During another test, putting the aircraft into too tight a turn caused the towing swivel to break away and damage the rear fuselage.

Despite this Lindner considered that with an improved wing and the addition of a vertical fin, good results could have been obtained with towed bombs.


----------



## Colin1 (Aug 26, 2009)

beaupower32 said:


> You got any more pictures of this project Colin?


One or two
just looking around


----------



## beaupower32 (Aug 26, 2009)

Colin1 said:


> During the middle of October 44, proposals were made for towing both extra fuel and ordnance behind the Me262 in the _Deichselschlepp_ rigid tow arrangement. In this, the bomb or drop tank had an auxiliary wing mounted above it and was fitted with a two-wheeled take-off dolly. It was attached to the aircraft by a 19ft 8in (6m) hollow pole, this having a double joint to allow both vertical and horizontal motion.
> After take-off the wheels were jettisoned by exploding bolts and on reaching the target, the aircraft was put into a shallow dive, the weapon being targetted using the normal Revi sight and launched via another exploding bolt.
> 
> When a fuel tank was used, the line passed through the centre of the hollow pole.
> ...




Great info


----------



## Colin1 (Aug 26, 2009)

A 2,205lb (1,000Kg) bomb attached to the tail of the Me262 V10 using the rigid tow pole method. This photograph shows the auxiliary wing mounted above the bomb and the jettisonable wheeled dolly below. Taken just before the damage caused on the third flight.


----------



## imalko (Aug 26, 2009)

Yep, I've seen it before. Some ideas that German engineers came up with towards the end of war were just bordering with crazy...


----------



## beaupower32 (Aug 26, 2009)

Looks like the 262 is pulling its little ba$tard child behind it. Just like the parents at the airport who have a leash on their kid so they dont get lost.


----------



## Colin1 (Aug 26, 2009)

imalko said:


> Some ideas that German engineers came up with towards the end of war were just bordering with crazy...


Lindner rated it despite the tribulations it gave him


----------



## ccheese (Aug 26, 2009)

That's quite interesting. I never knew the Luftwaffe tried this sort of thing.

Charles


----------



## Colin1 (Aug 26, 2009)

ccheese said:


> That's quite interesting. I never knew the Luftwaffe tried this sort of thing


Just realised
I didn't actually answer BP's question
it seems it was used against ground targets BP (hence the shallow dive/Revi targetting), not for bomber streams.

I'm just wondering how accurate it would have been.
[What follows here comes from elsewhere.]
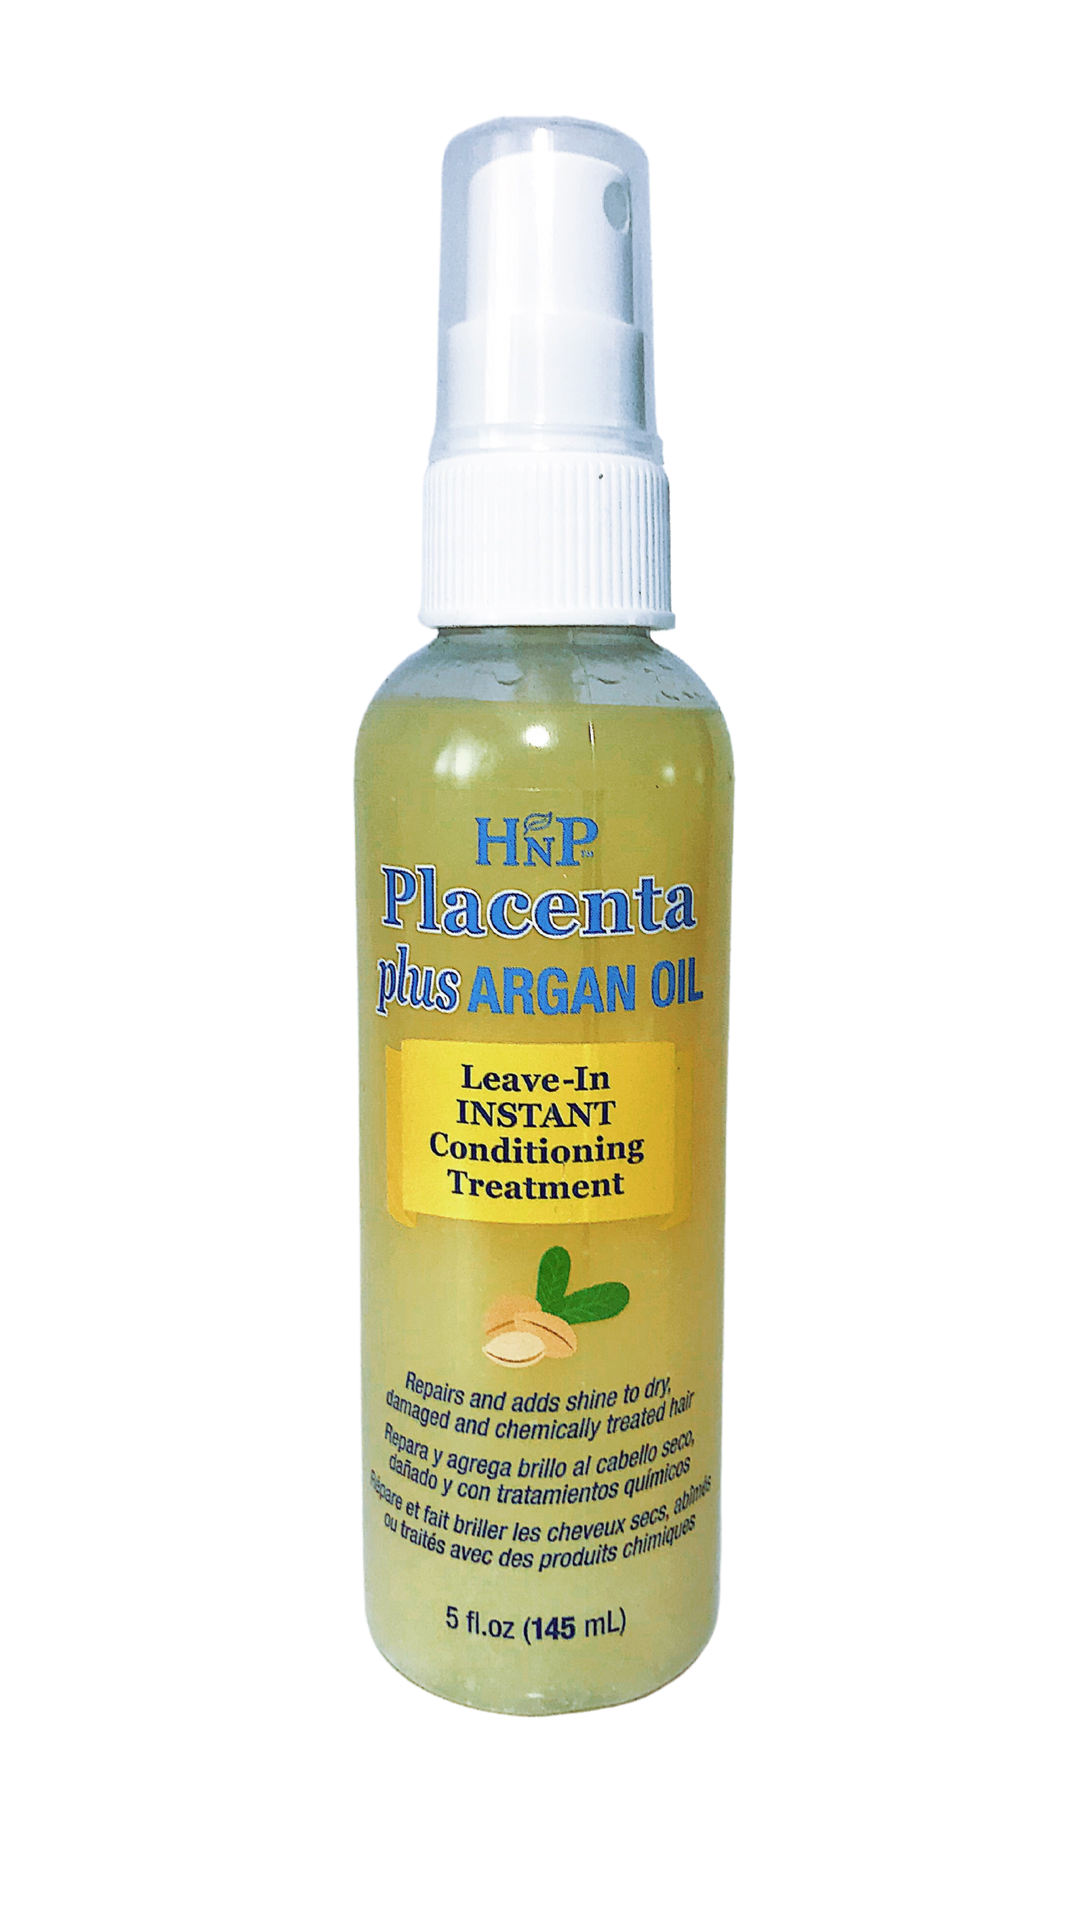 HnP-Placenta-Plus-Argan-Oil-Leave-In-Instant-Conditioning-Treatment.jpg
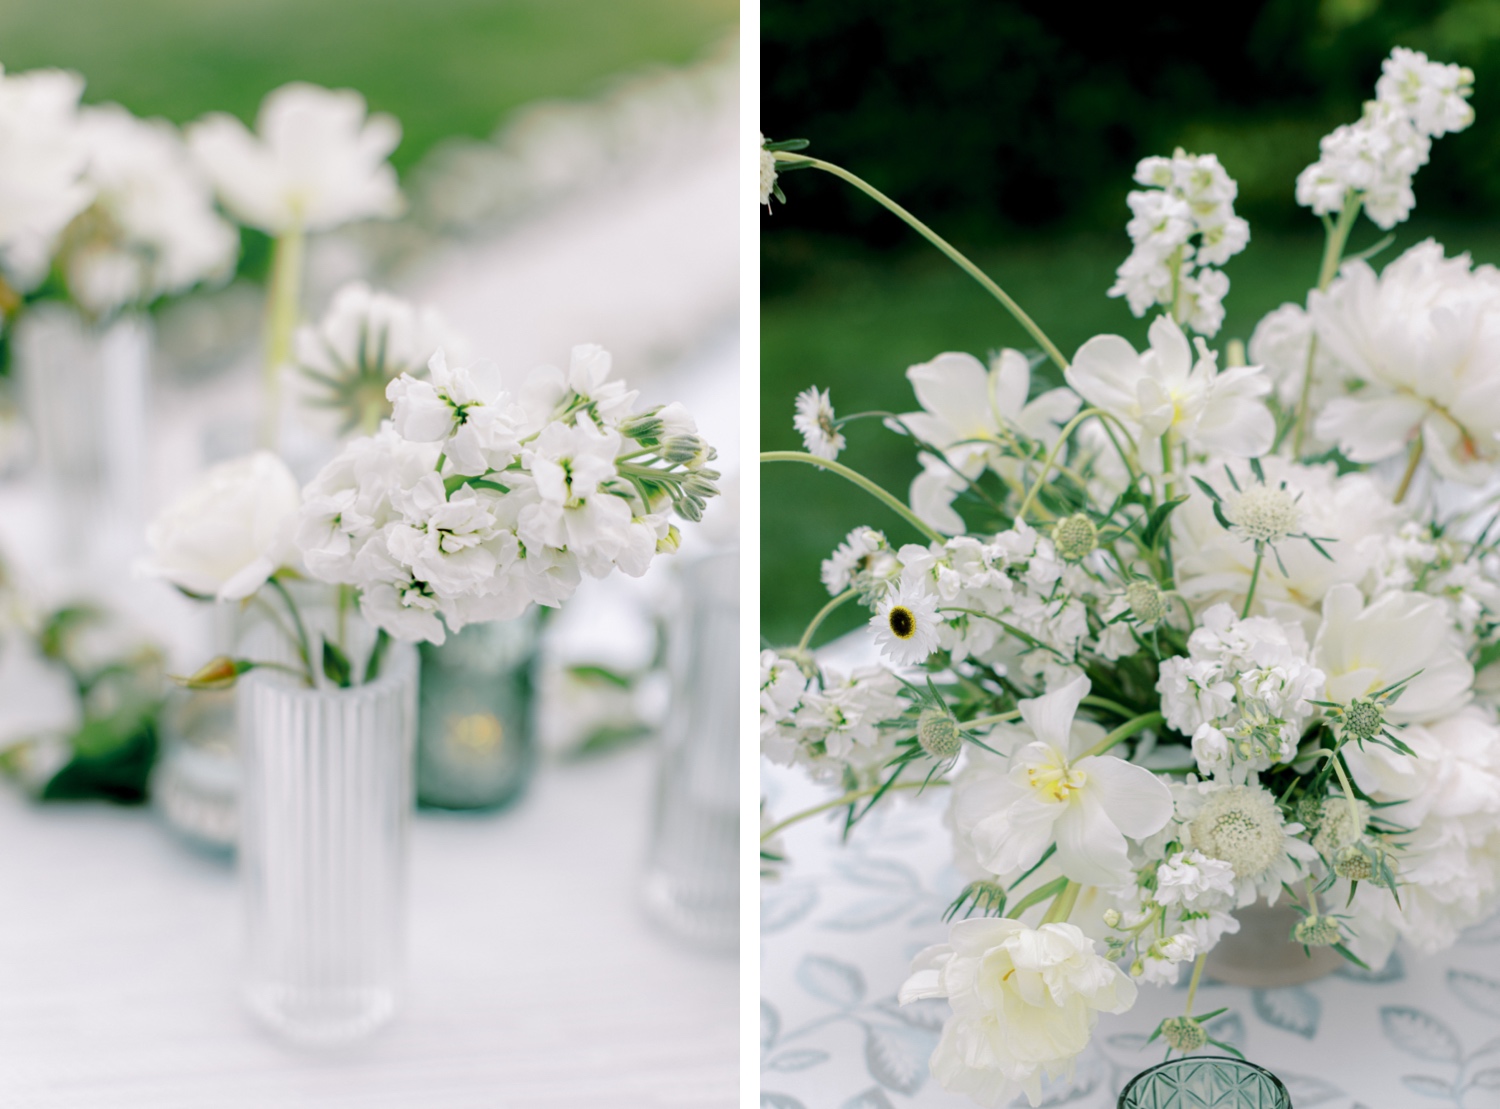 Wedding floral centerpiece by Luxury Blooms

If the pilot had to really walk it to the target then he's laying himself open to all manner of flak whilst on the targetting run-in. Would it/could it have been any more accurate than say, a Mistel combination? It wouldn't have had the same yield, that's for certain.


----------



## Gnomey (Aug 26, 2009)

Interesting! Certainly I don't think it would be that effective, either through poor accuracy or through easy target for flak.


----------



## beaupower32 (Aug 27, 2009)

I wouldnt think it would be too accurate. Givin the speed of the dive, altitude at which to drop, plus other things like wind and so, would make it pretty difficult to hit anything. Probably ending up being more of a terror weapon than anthing.


----------